The UK’s new government has decided to dismantle the Financial Services Authority in an effort to better monitor risk in the financial system, but the move is not without risks of its own.
On Thursday, the new chancellor of the exchequer, George Osborne, announced a series of reforms to financial regulation in the UK, including abolishing the FSA and handing prudential regulation to the Bank of England, while creating a new body to oversee conduct.
“The announcement also marks the end of the tripartite system of financial regulation spearheaded in 1997 by then chancellor Gordon Brown, whereby the Bank of England, FSA, and Treasury shared responsibility for financial oversight. The tripartite system of regulation was heavily undermined by the financial crisis that hit the United Kingdom in 2007–09, with the FSA bearing the brunt of the blame for its failure to foresee the problems,” observes IHS Global Insight in a research note.
IHS says that when it was in opposition the Conservative Party was a strong critic of the tripartite system, “claiming that by fragmenting responsibility to such a high degree, there was no accountability.”
“This position was supported by the financial crisis, when none of the three regulatory bodies claimed responsibility for the events that led to a run on U.K. bank Northern Rock and its subsequent nationalisation,” it adds. “A further problem of tripartite regulation highlighted by the crisis was the fact that rapid decision-making was nearly impossible given the complicated nature of the system, which depended on consensus.”
In addition to the break up of the FSA, IHS notes that the British government is also planning to introduce a tax on banks, and is demanding further restraint on bankers’ pay; and, a new independent commission will be created to investigate whether big banks should be broken up and their investment and retail branches separated.
“The changes being enacted come at a pivotal moment for global financial regulation as countries around the world seek to strengthen market rules, especially on banking capital and the derivates sector,” it says.
“There are, however, potential pitfalls for the new regulatory system presented by the government, despite the discrediting of the tripartite system,” IHS cautions.
“Centralising responsibility for micro and macroprudential oversight in one body has the potential to limit information flows on law-making while also reducing the willingness of the organisation to experiment with new and perhaps untested regulation.
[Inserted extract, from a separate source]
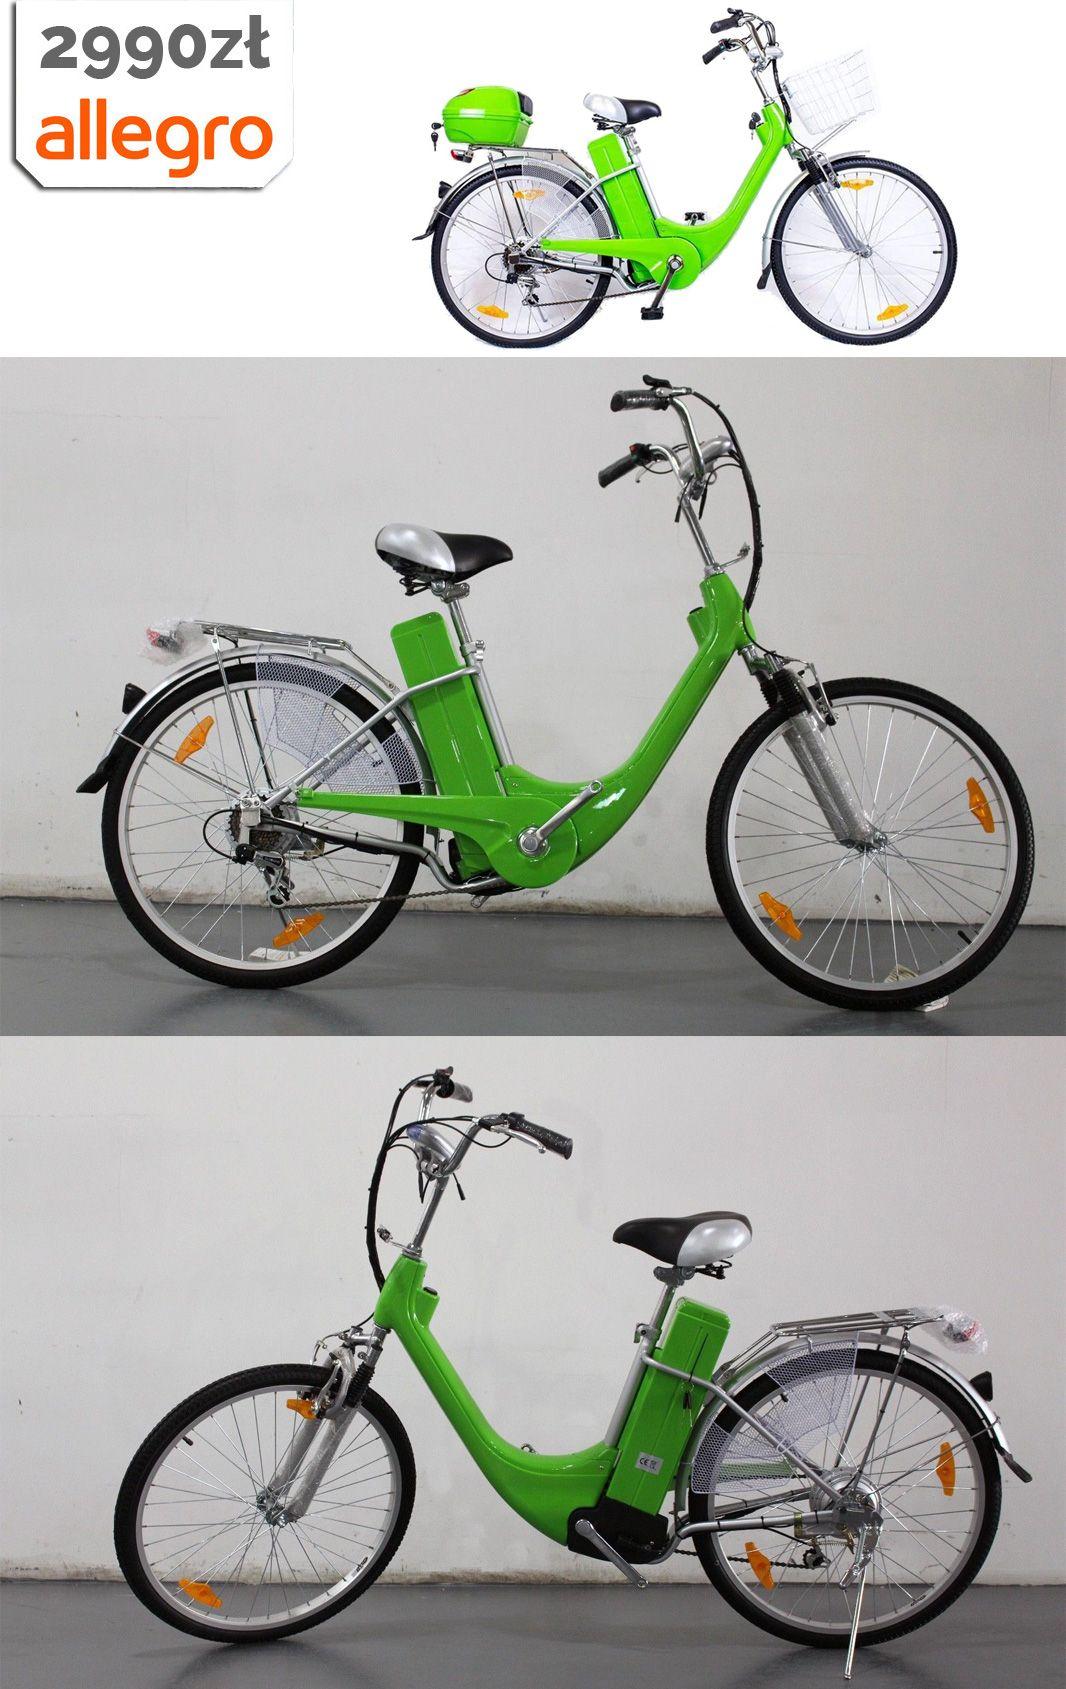 Brak Ci Sil Na Dluzsza Podroz Sprawdz Rowery Elektryczne Jagpol Bike Bicycle Bath

Furthermore, the Bank of England’s ability to create a mechanism to act as an early-warning system for potential market and financial risks remains highly dubious,” it says.
“The government is eager to ensure that the transition to the new regulatory system is smooth and conducted with minimum disruption to the financial services industry. However, the task of strengthening regulation will now fall to the Bank of England, which will have to tread a fine line between tightening oversight of financial bodies and not undermining the competitiveness of the important financial services industry,” it concludes.